**What to produce:** Nothing but a verbatim copy of the data, minus the images, should be returned.

**Source material:**
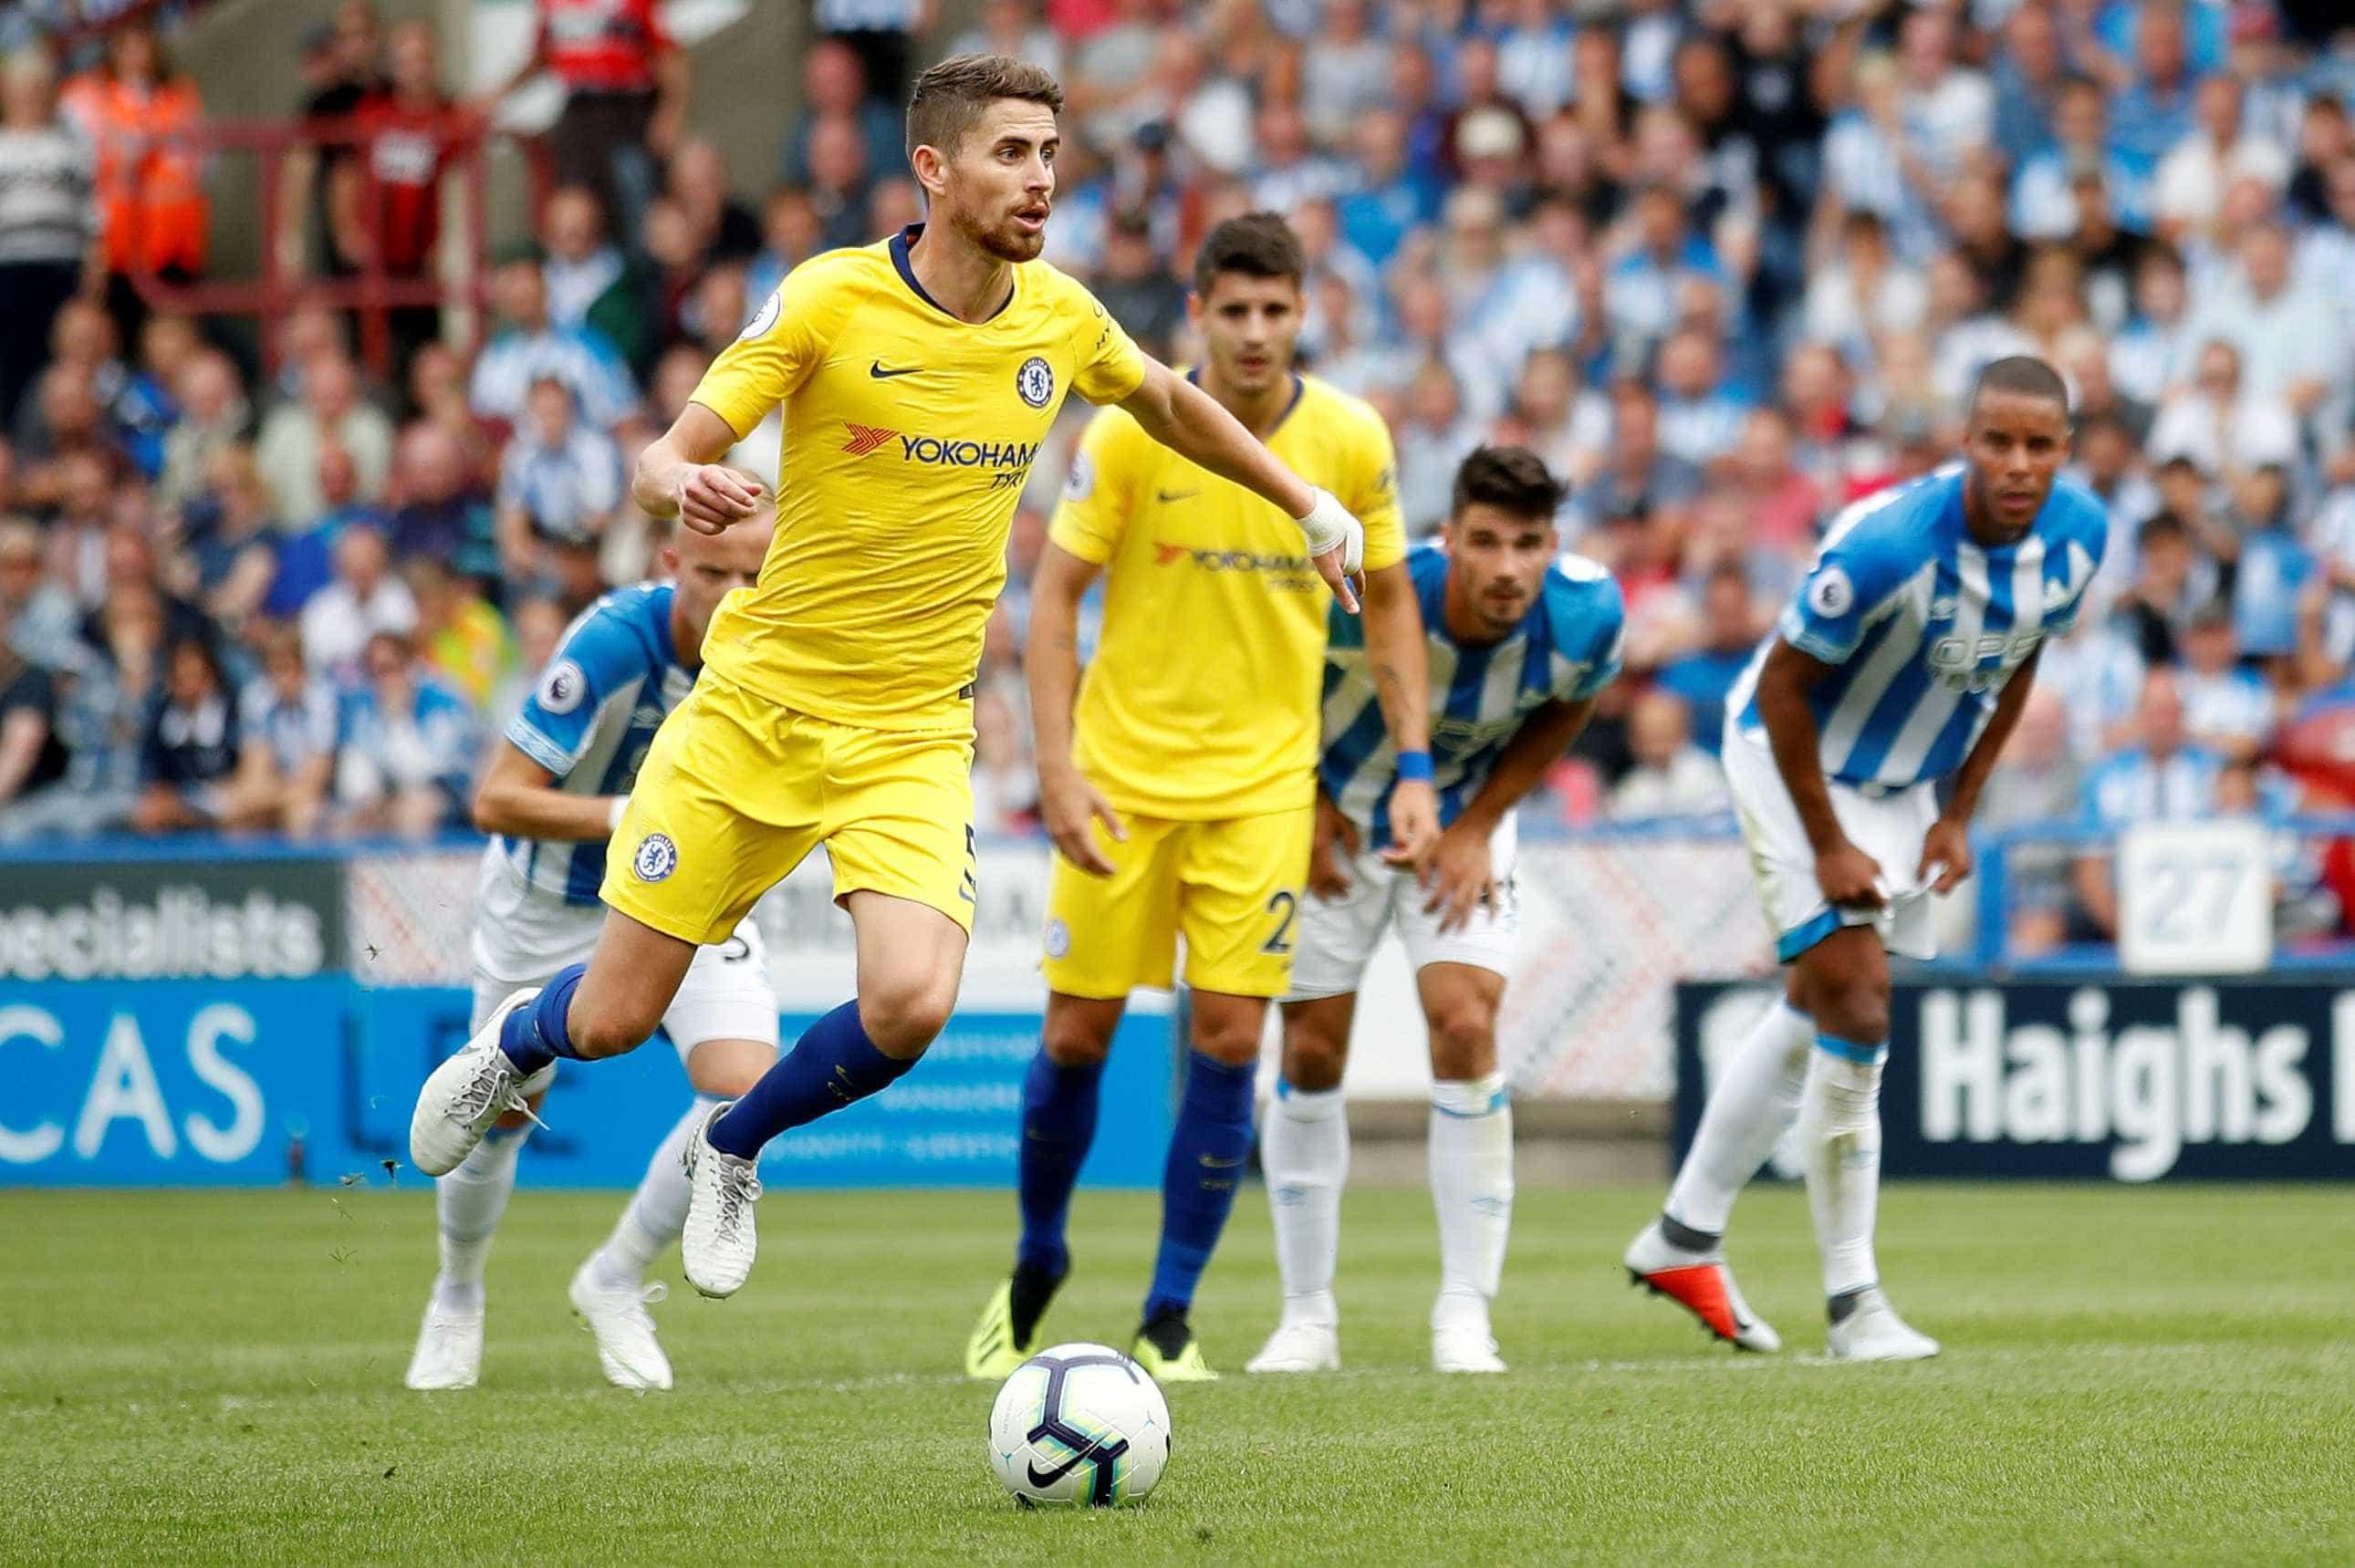 Fora de casa, Chelsea vence por 3 a 0 em estreia de Sarri no Inglês
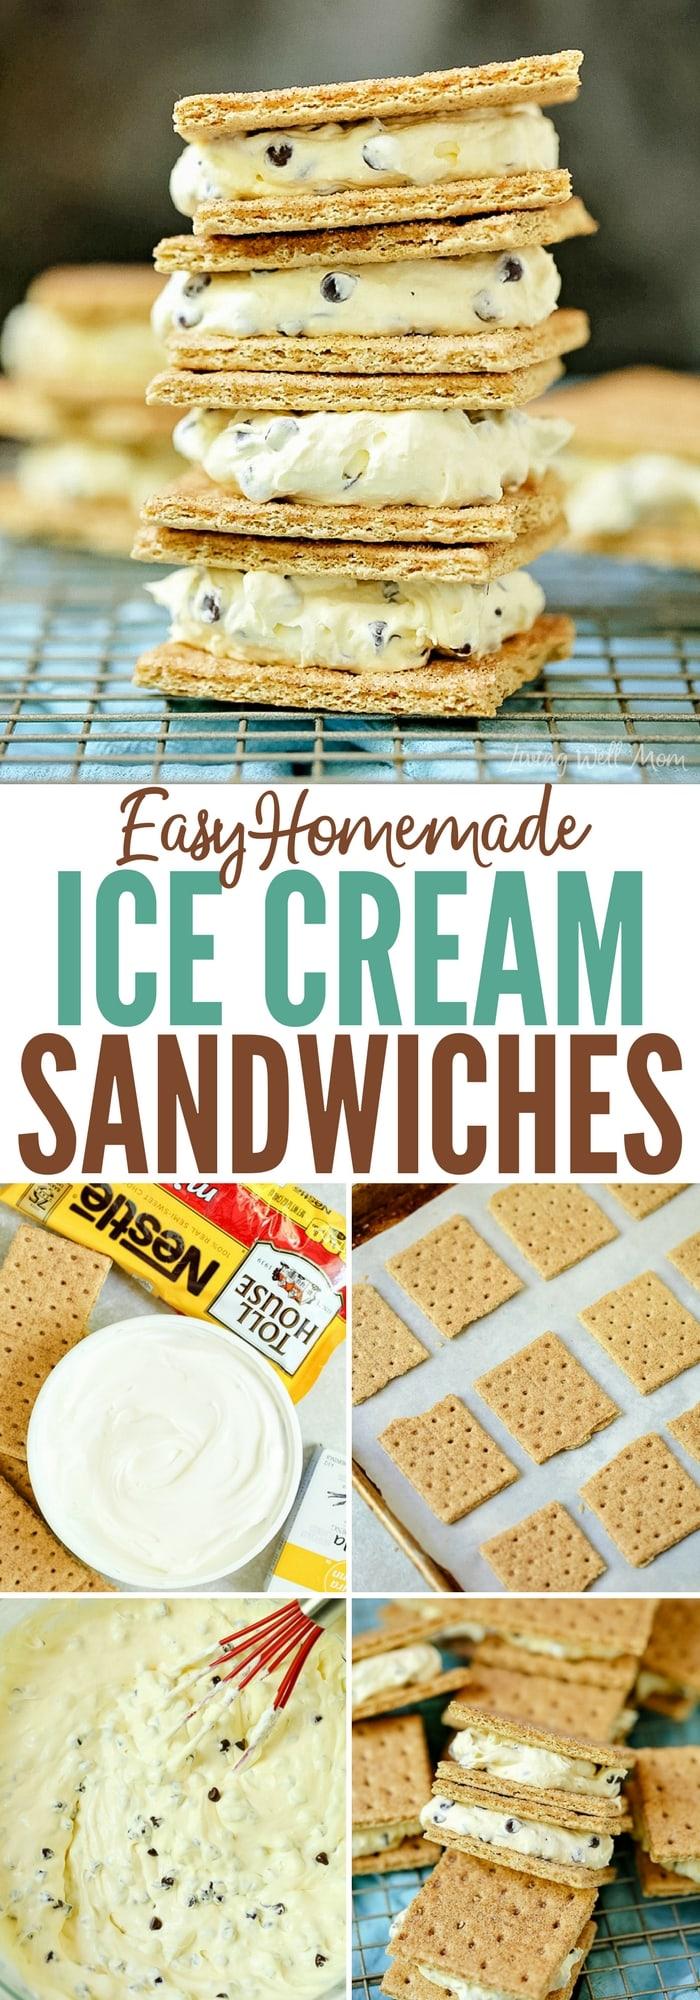 homemade graham cracker ice cream sandwiches recipe
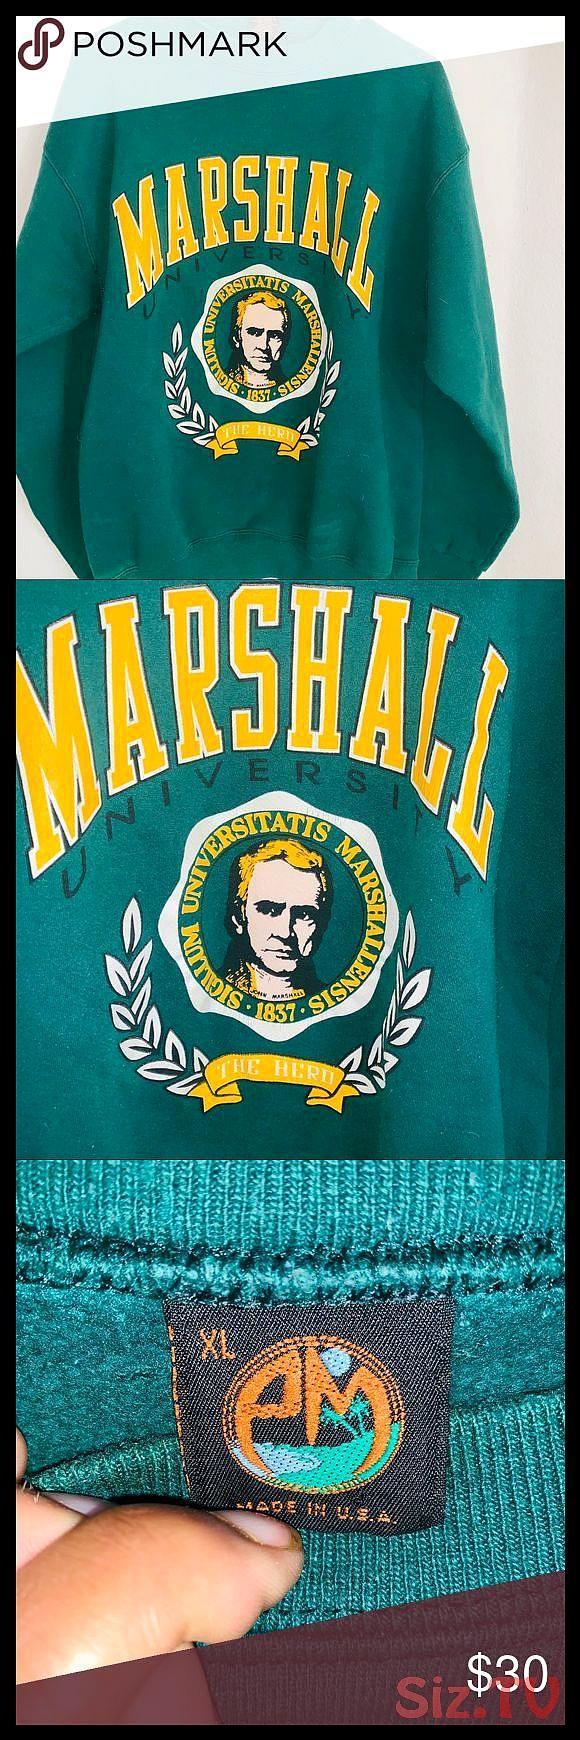 Vintage Marshall University Sweatshirt Green Sweatshirt With Yellow Writing John Marshalls Picture Is On It Sweatshirts Green Sweatshirt University Sweatshirts [ 1740 x 580 Pixel ]

**Response:**
 Fora de casa, Chelsea vence por 3 a 0 em estreia de Sarri no Inglês
 homemade graham cracker ice cream sandwiches recipe
 Vintage Marshall University Sweatshirt Green Sweatshirt With Yellow Writing John Marshalls Picture Is On It Sweatshirts Green Sweatshirt University Sweatshirts [ 1740 x 580 Pixel ]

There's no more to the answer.